= Beginning of Section =

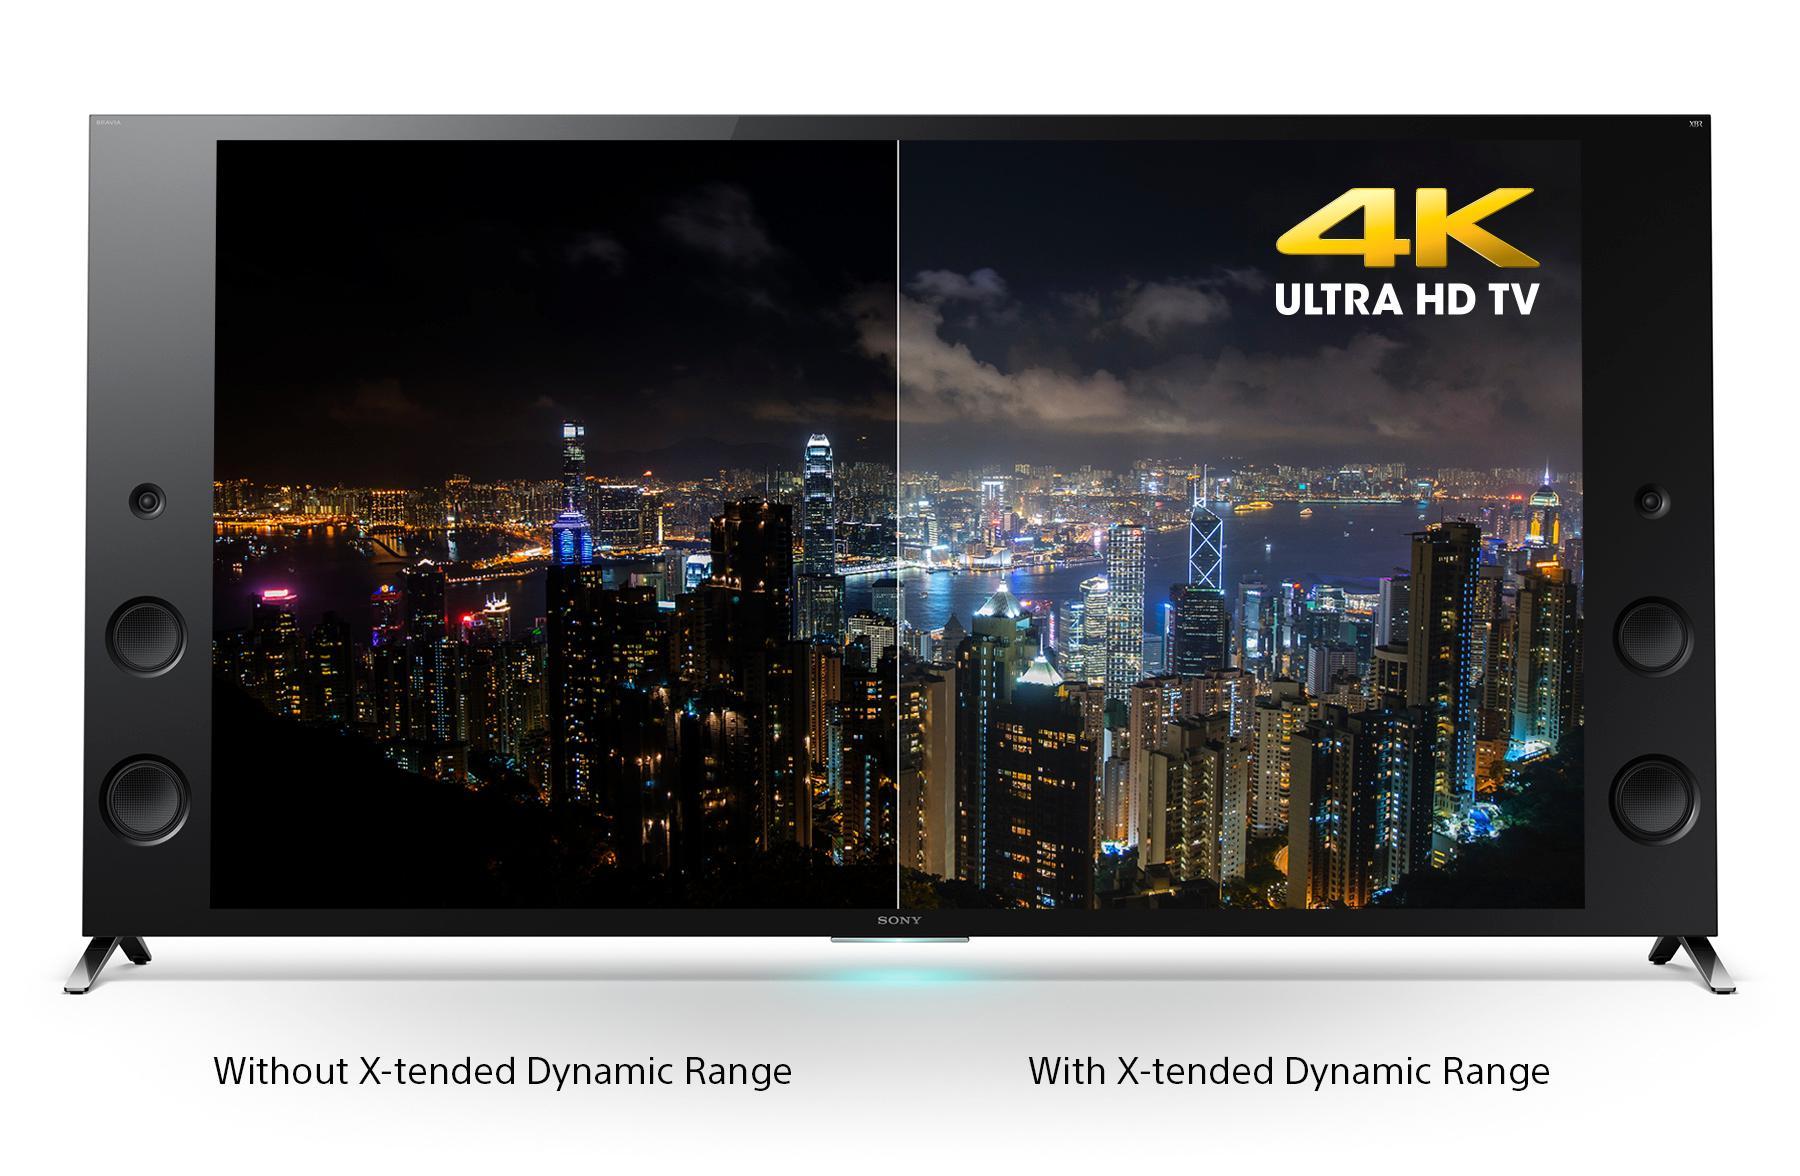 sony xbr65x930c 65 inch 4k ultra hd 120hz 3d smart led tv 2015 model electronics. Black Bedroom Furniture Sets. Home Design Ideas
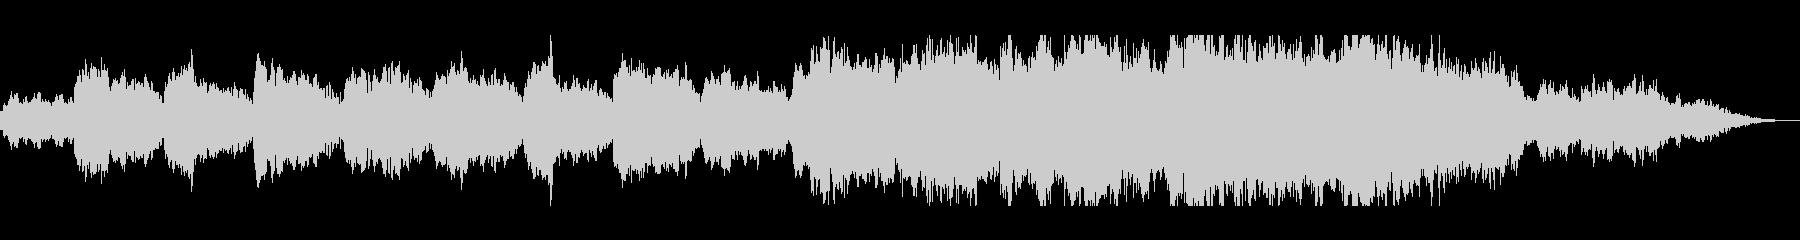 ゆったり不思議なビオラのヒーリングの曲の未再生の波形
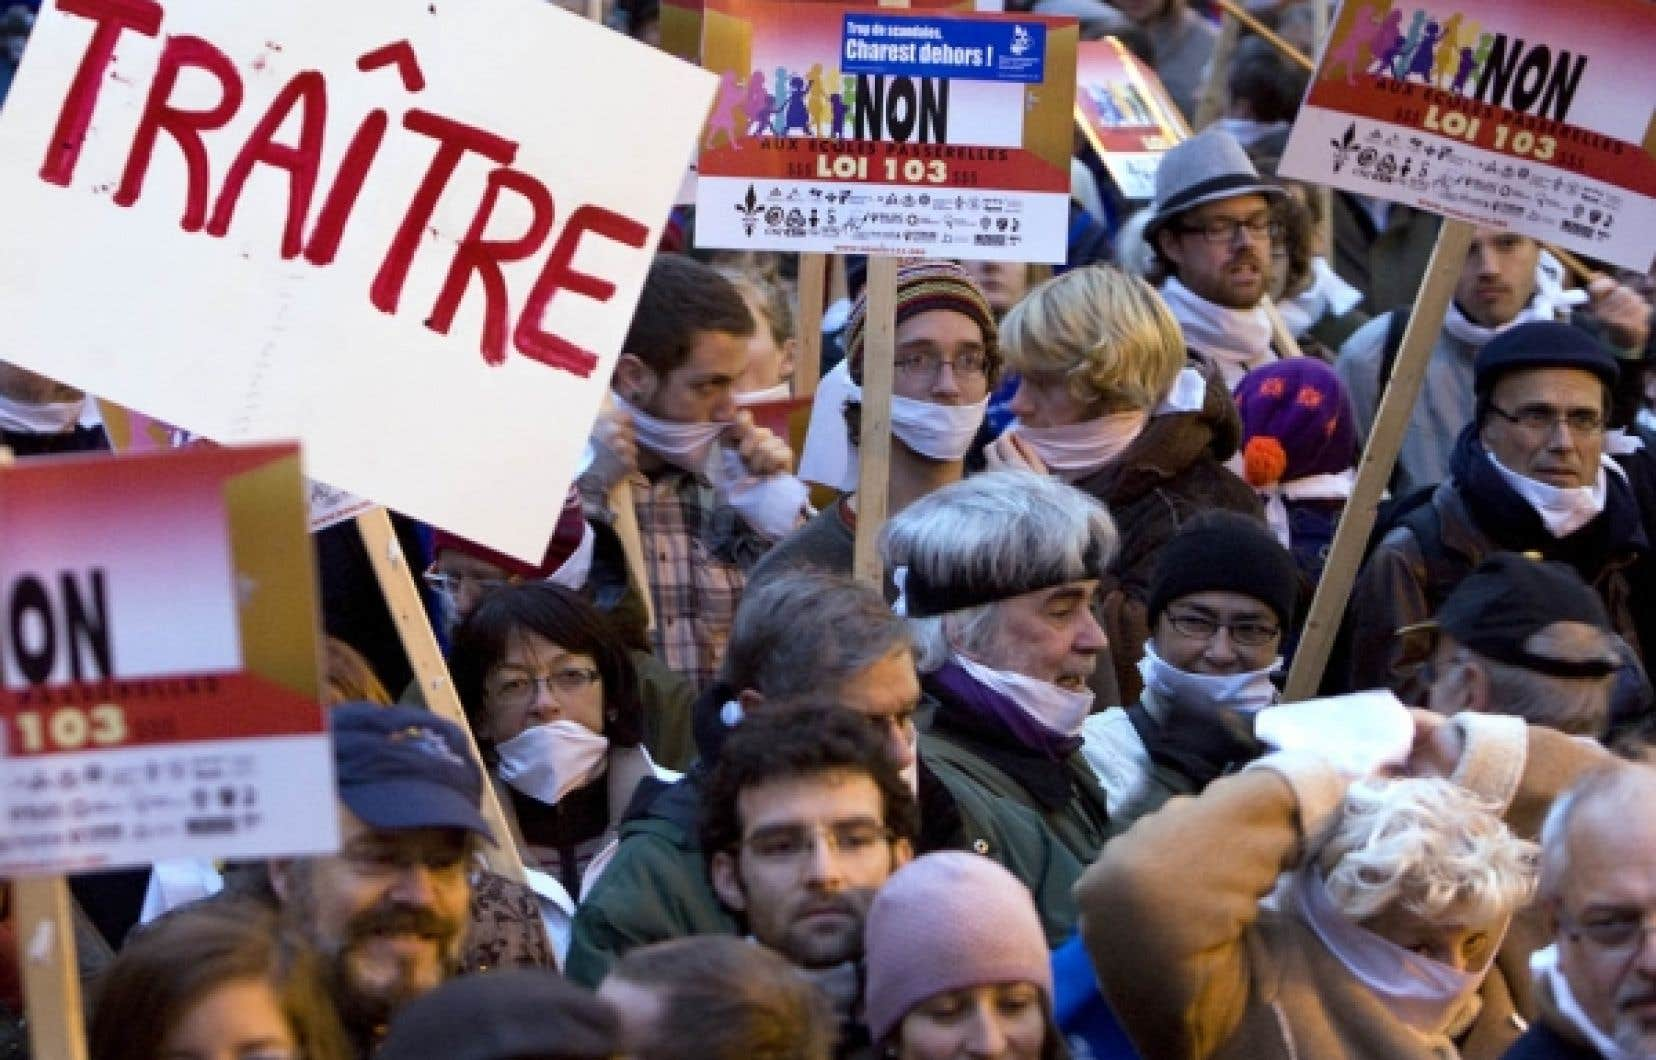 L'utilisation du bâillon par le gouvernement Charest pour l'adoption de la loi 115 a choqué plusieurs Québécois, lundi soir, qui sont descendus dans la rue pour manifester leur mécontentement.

= End of Section =

> Required action: With the pictures excluded, restate the material exactly as it stands.

> Your response:
 sony xbr65x930c 65 inch 4k ultra hd 120hz 3d smart led tv 2015 model electronics. Black Bedroom Furniture Sets. Home Design Ideas
 ゆったり不思議なビオラのヒーリングの曲の未再生の波形
 L'utilisation du bâillon par le gouvernement Charest pour l'adoption de la loi 115 a choqué plusieurs Québécois, lundi soir, qui sont descendus dans la rue pour manifester leur mécontentement.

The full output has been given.